El Concello cierra una discoteca en Samil ante las quejas de los vecinos

El establecimiento y un asador anexo carecían de licencia municipal

La sala Olimpo ya no abrió el pasado fin de semana.
La sala Olimpo ya no abrió el pasado fin de semana.

vigo / la voz

En el siempre controvertido conflicto de intereses entre el derecho al descanso y a la diversión nocturna en zonas turísticas, los vecinos del barrio de Cabo da Vella de Samil han ganado una batalla. El Concello ha clausurado una discoteca que llevaba más de dos décadas perturbando la tranquilidad de los residentes de las viviendas colindantes.

El negocio está ubicado junto a la desembocadura del Lagares y frente a las pistas deportivas. Tuvo diferentes nombres desde su apertura en el año 88 y su última denominación fue Olimpo Samil, que el pasado fin de semana ya no abrió sus puertas al público.

Los afectados llegaron a constituir una plataforma vecinal con el único objetivo de denunciar ante la administración local los problemas de convivencia que generaba el funcionamiento de este negocio.

Juan Carlos Andrés Prado, portavoz de dicho colectivo, señala que durante este tiempo han pasado cientos de noches sin dormir por culpa de la música a todo volumen y, especialmente, por el jaleo que se organizaba en el exterior del recinto.

Peleas, gritos, excrementos en la vía pública o rotura de cristales son algunas de las incomodidades que han tenido que aguantar. Juan Carlos Andrés afirma que siempre intentaron solucionar el problema de buenas maneras con los diferentes responsables que ha tenido el negocio, pero todas las veces que se dirigieron a ellos «fue como sembrar en piedra». Al final el Ayuntamiento les ha dado la razón y ha clausurado el local, pero no ha sido por las molestias de su actividad, sino por las irregularidades urbanísticas detectadas en la edificación.
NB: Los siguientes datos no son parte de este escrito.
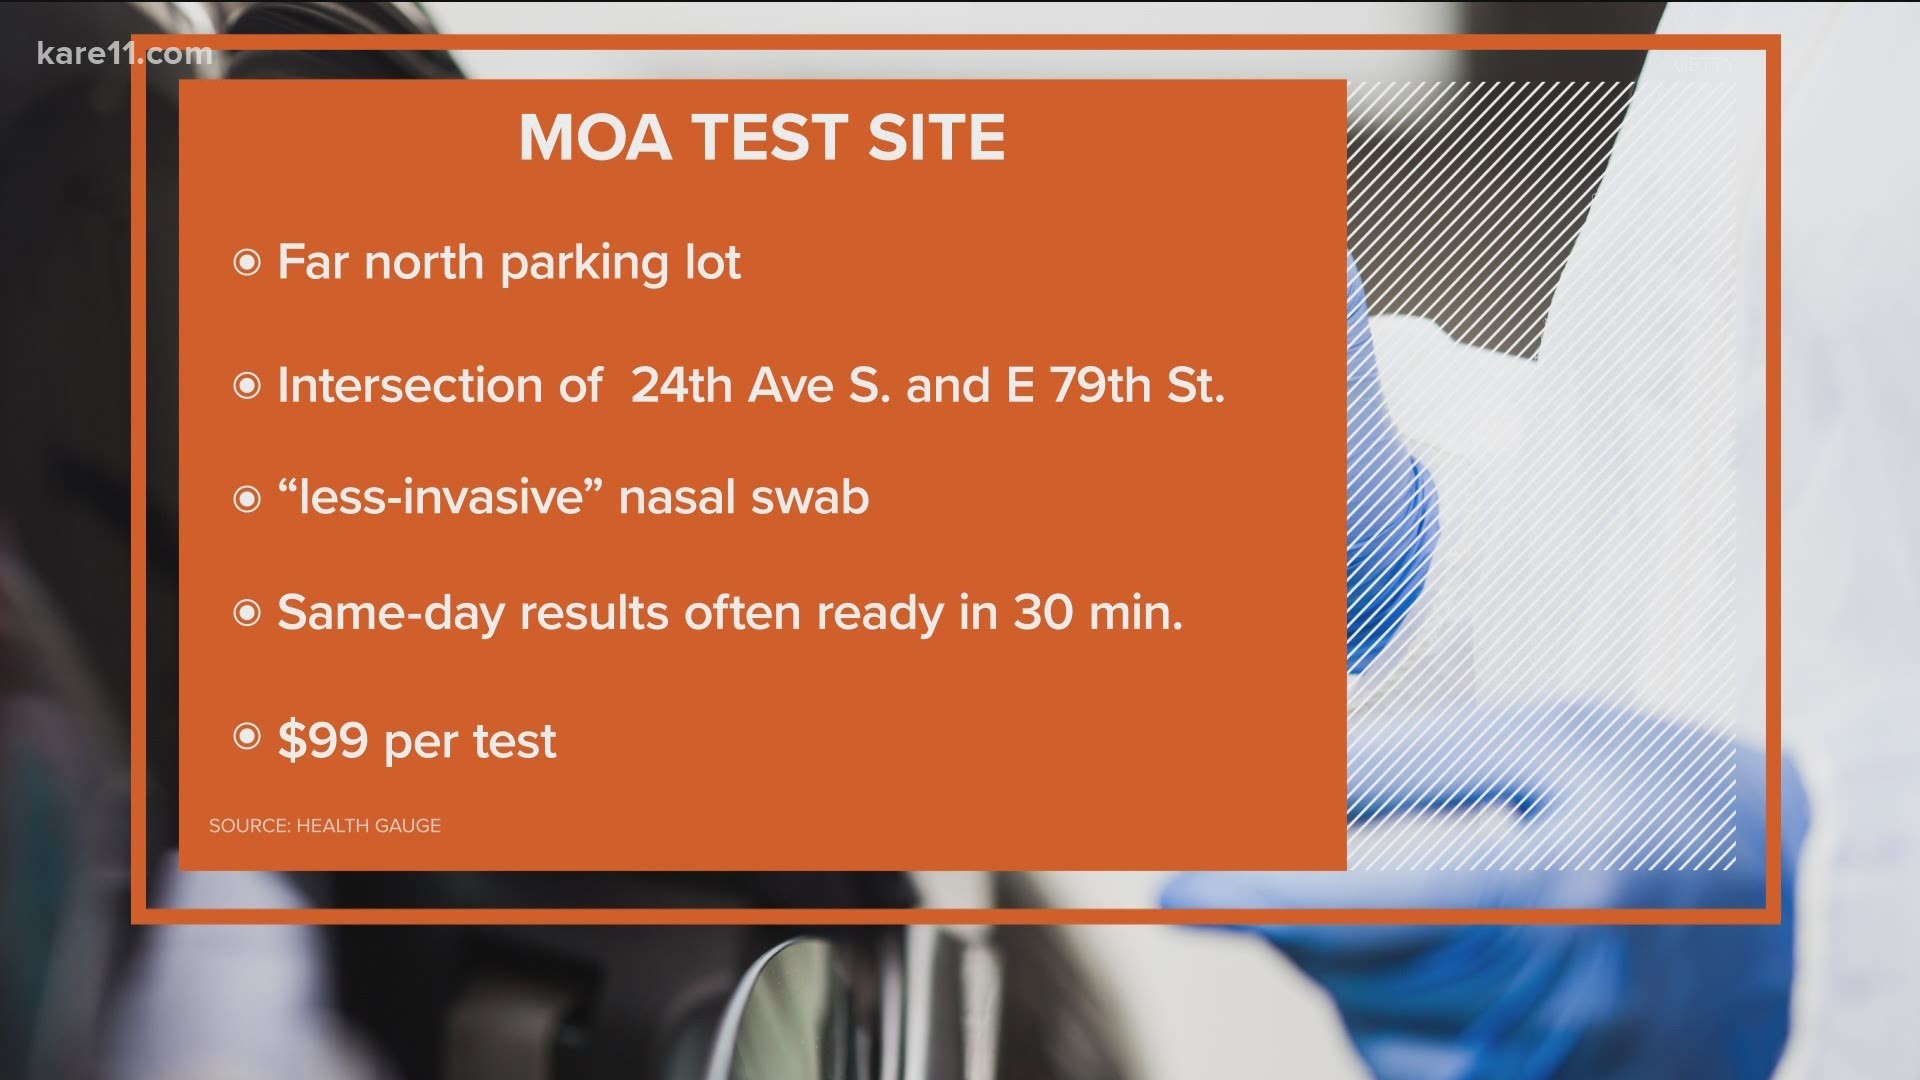 There is a new option starting today for people who want to get a COVID-19 test done, but need the results fast. And get this... it's in a drive-thru format at MOA.

Cuando los afectados se enteraron que el local no contaba con todas las autorizaciones en vigor, no dudaron en denunciarlo ante la gerencia de Urbanismo para que abriera un expediente.

«Como llevamos tanto tiempo, el cierre del local era lo que perseguíamos, si no tiene permiso o es irregular, pedimos que el Ayuntamiento lo legalice o lo cierre, pero sobre todo que no moleste», afirma el portavoz de la plataforma vecinal de afectados.

La discoteca se encuentra sobre suelo rústico y el único permiso que posee es un licencia provisional del año 88, que no ha amparado las sucesivas ampliaciones que se fueron realizando con el paso de los años, hasta el punto de que hoy en día ya no hay más espacio para seguir construyendo. Dentro de la misma parcela se encuentra también el asador La carpa, que también ha sido clausurado al carecer de licencia.

La empresa ha anunciado el cierre a sus clientes a través de su página de Facebook. «Nos vemos obligados a cerrar anticipadamente por problemas burocráticos, esto solo se llama política y solo pasa en Vigo», manifiestan.

El Concello cierra de esta manera uno de los lugares míticos de la movida nocturna en Vigo. Durante los años 80 y 90 fue uno de los establecimientos de moda en la ciudad. Como discoteca al aire libre tuvo mucho tirón, pero finalmente los responsables del negocio tuvieron que cerrarlo porque el ruido molestaba a los vecinos. Los controles de alcoholemia en la avenida de Samil también desanimaron a muchos clientes.